── DATASET CONTENT ──

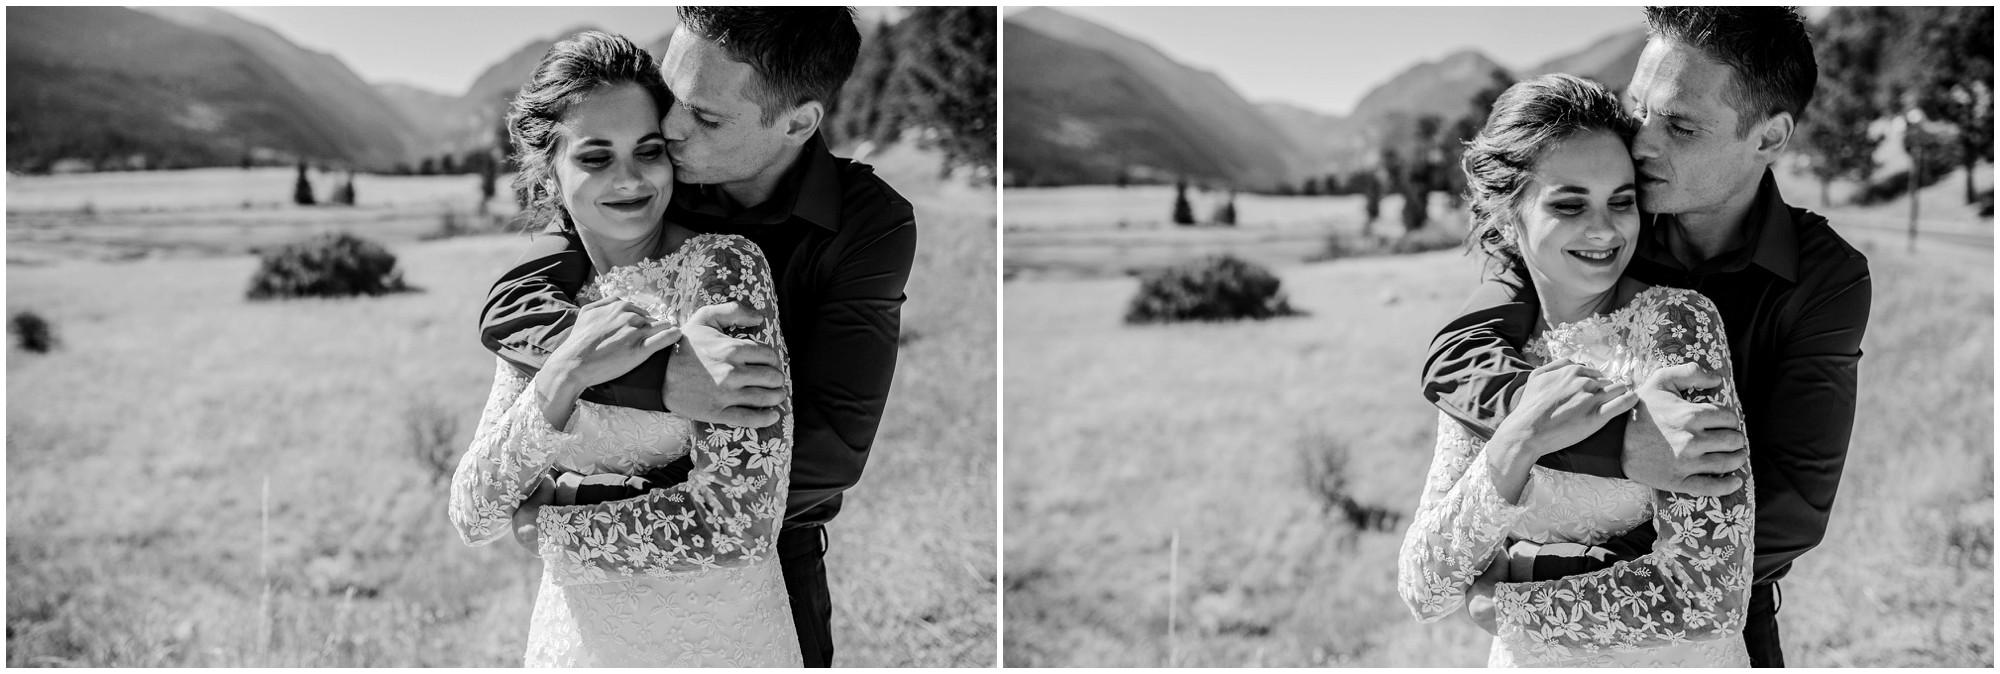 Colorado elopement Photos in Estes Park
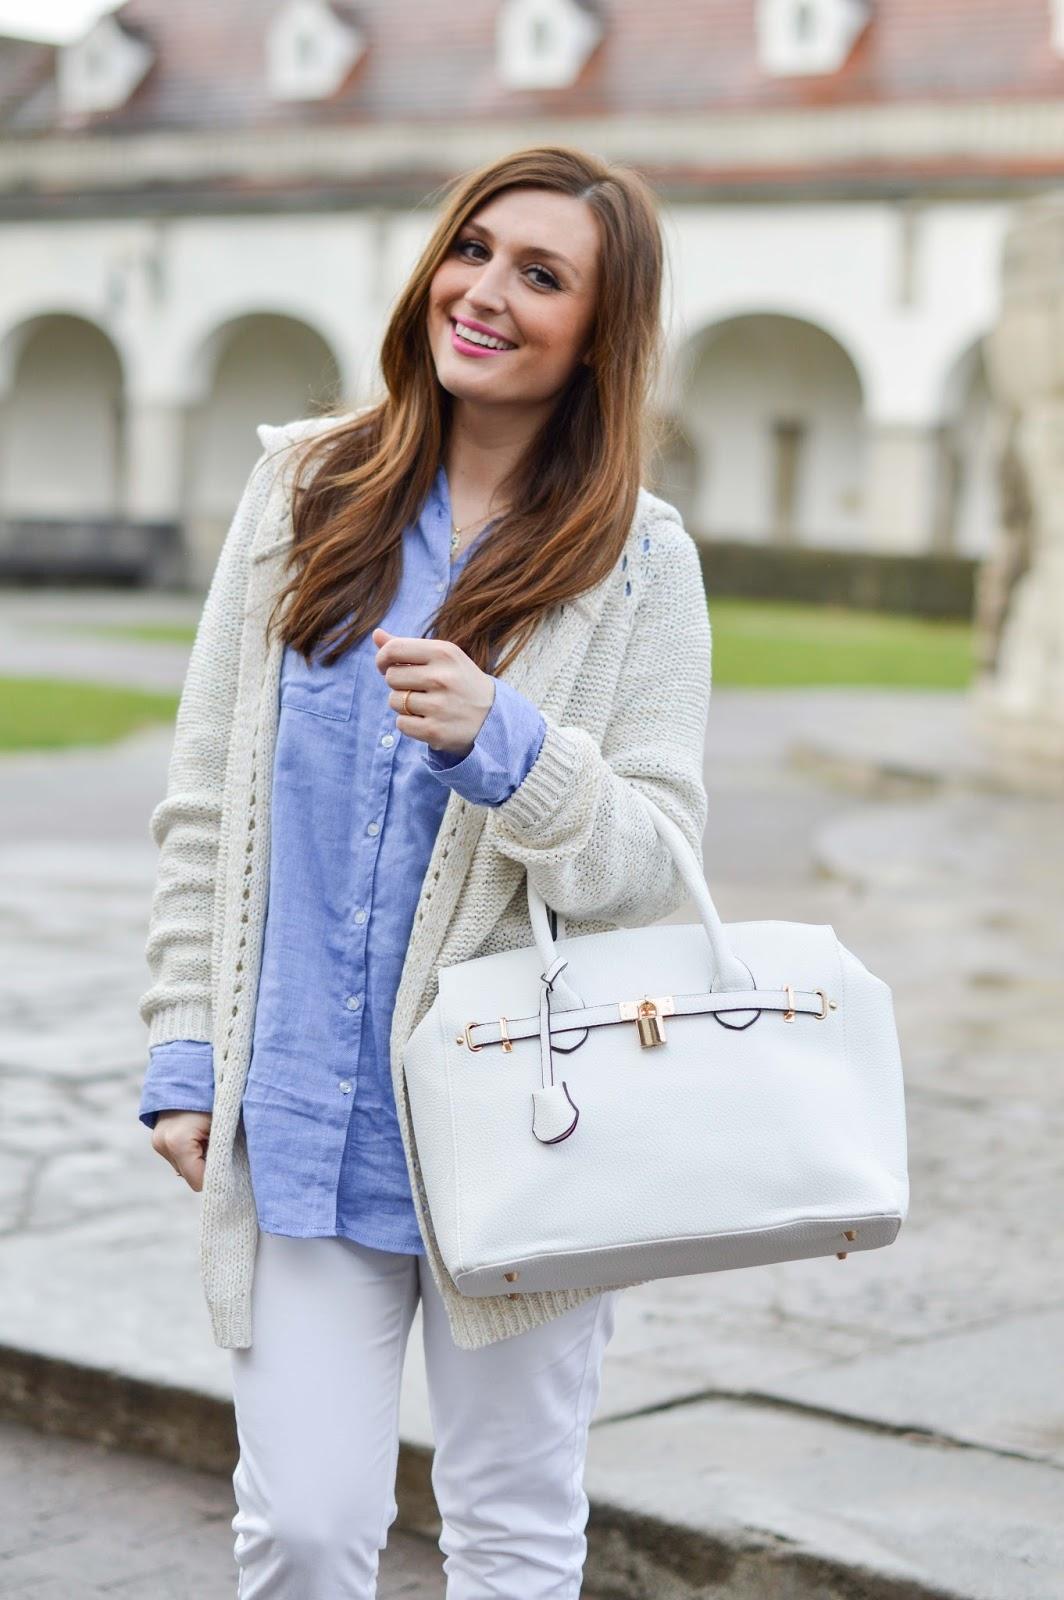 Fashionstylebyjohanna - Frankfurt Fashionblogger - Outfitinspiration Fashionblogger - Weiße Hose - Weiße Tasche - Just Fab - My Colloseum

───
── DATASET CONTENT ──

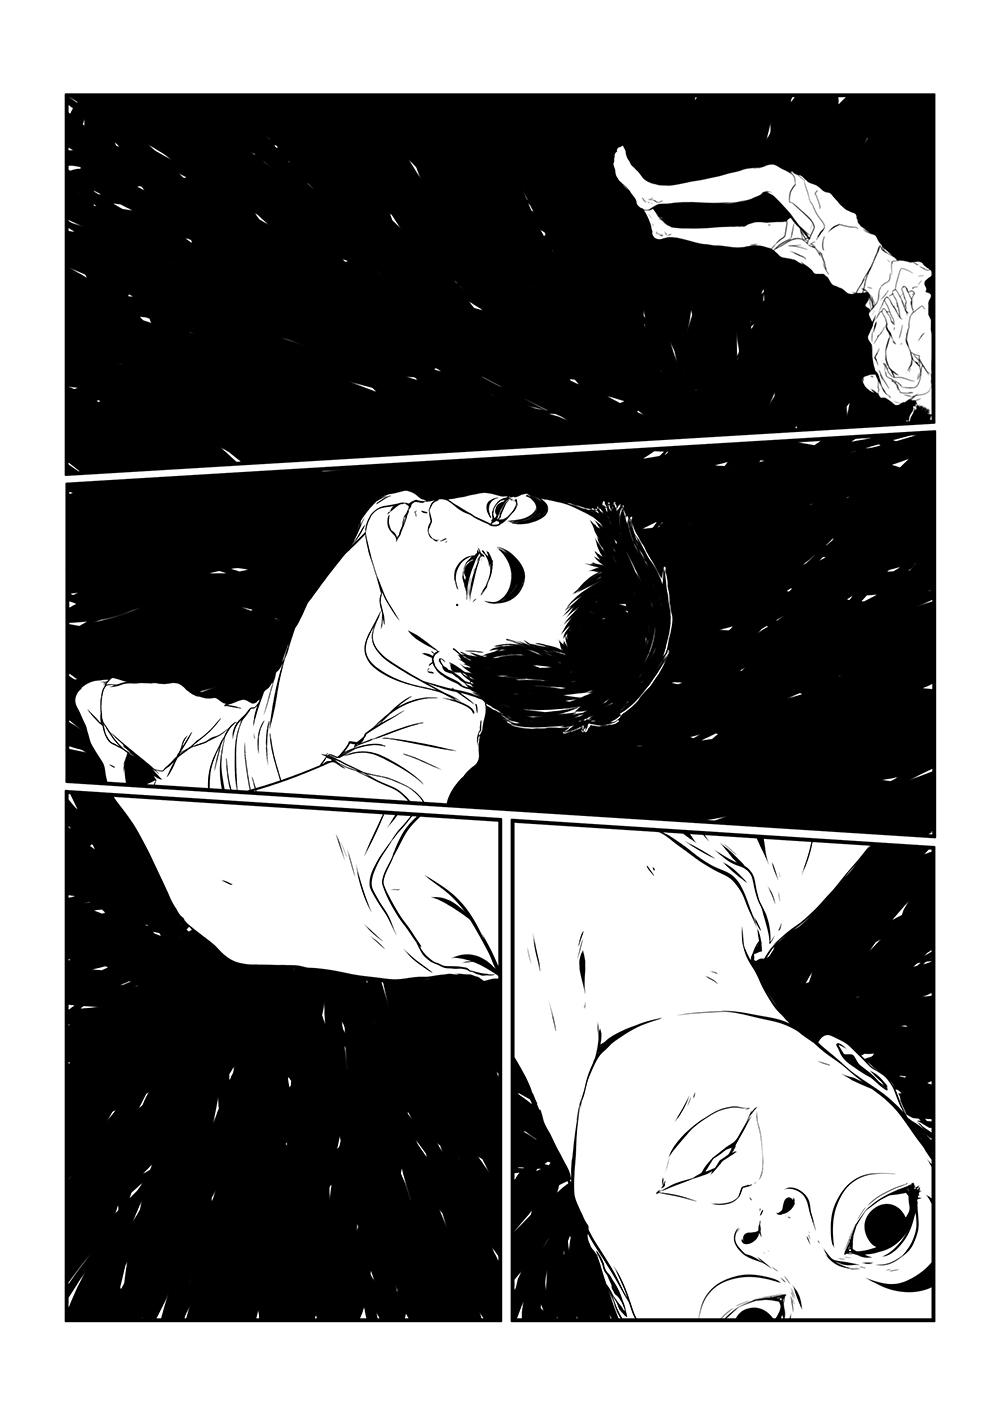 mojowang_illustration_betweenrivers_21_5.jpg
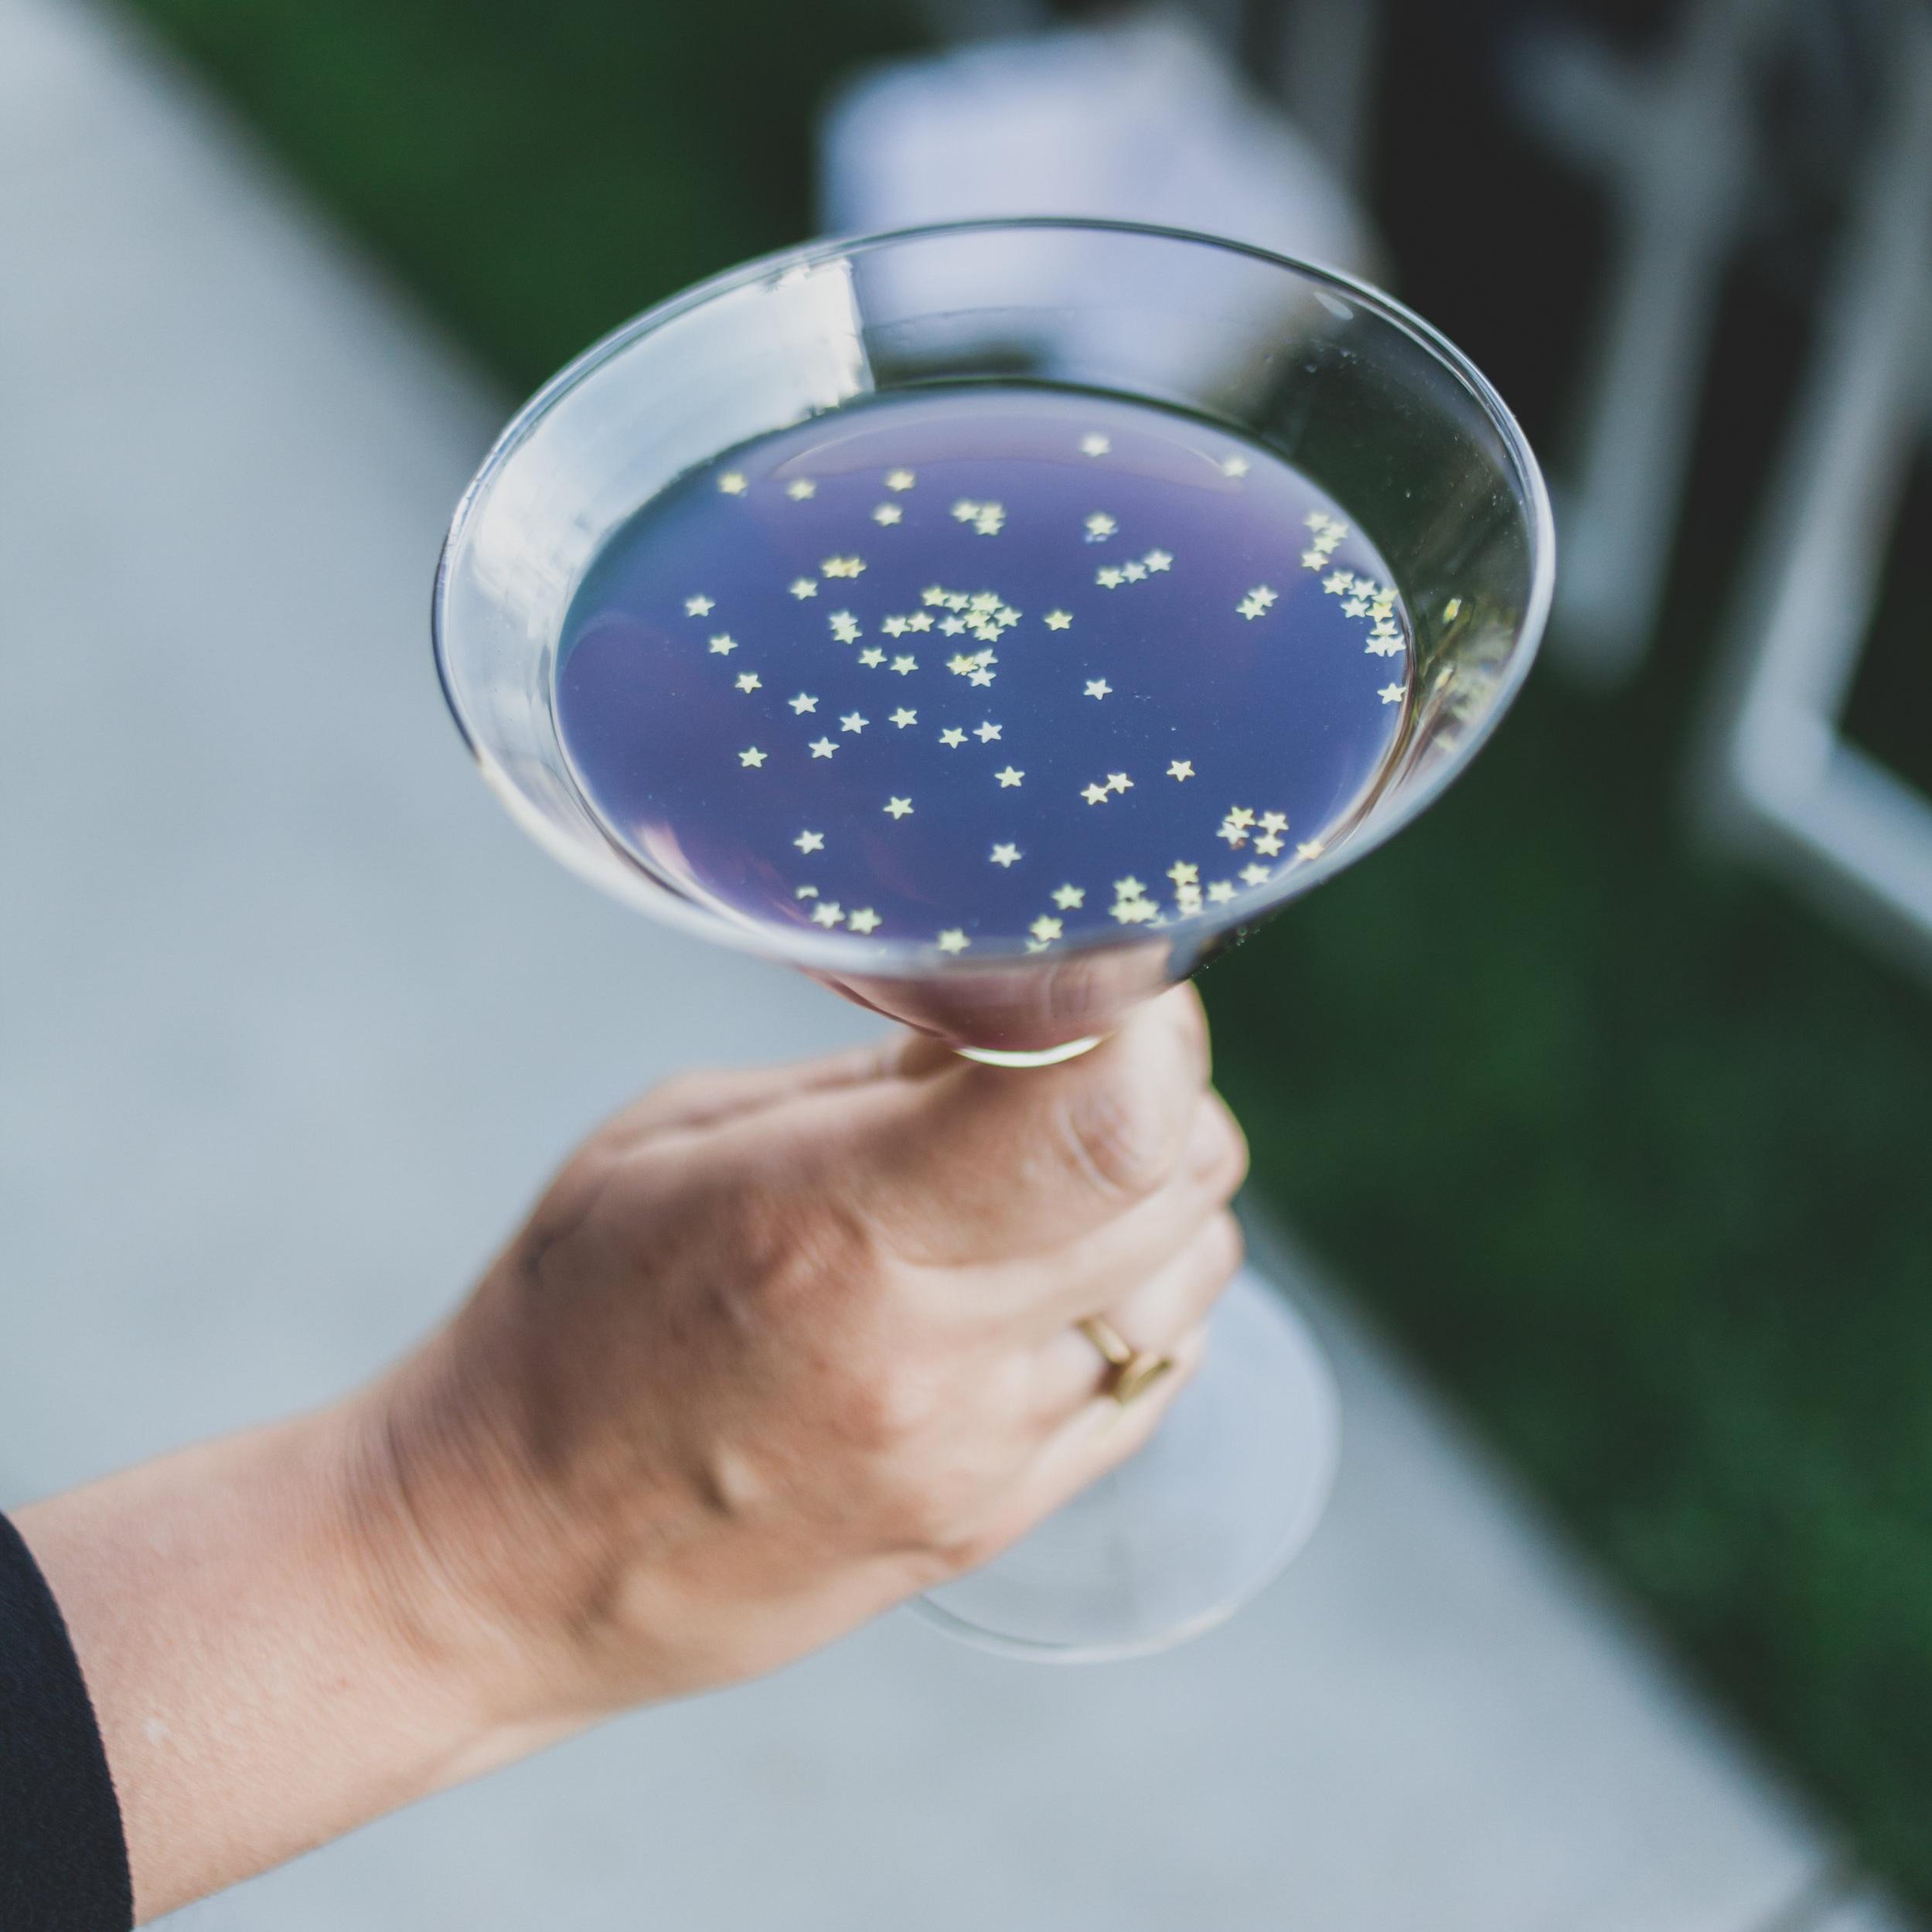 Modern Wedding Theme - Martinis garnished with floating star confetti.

───

» **DESCRIPTION OF THE TASK**
I'd like the lines above repeated exactly, from the one that contains "Colorado elopement Photos in Estes Park" through the one that contains "Fashionstylebyjohanna - Frankfurt", with no pictures.

» **TASK RESULT**
 Colorado elopement Photos in Estes Park
 Fashionstylebyjohanna - Frankfurt Fashionblogger - Outfitinspiration Fashionblogger - Weiße Hose - Weiße Tasche - Just Fab - My Colloseum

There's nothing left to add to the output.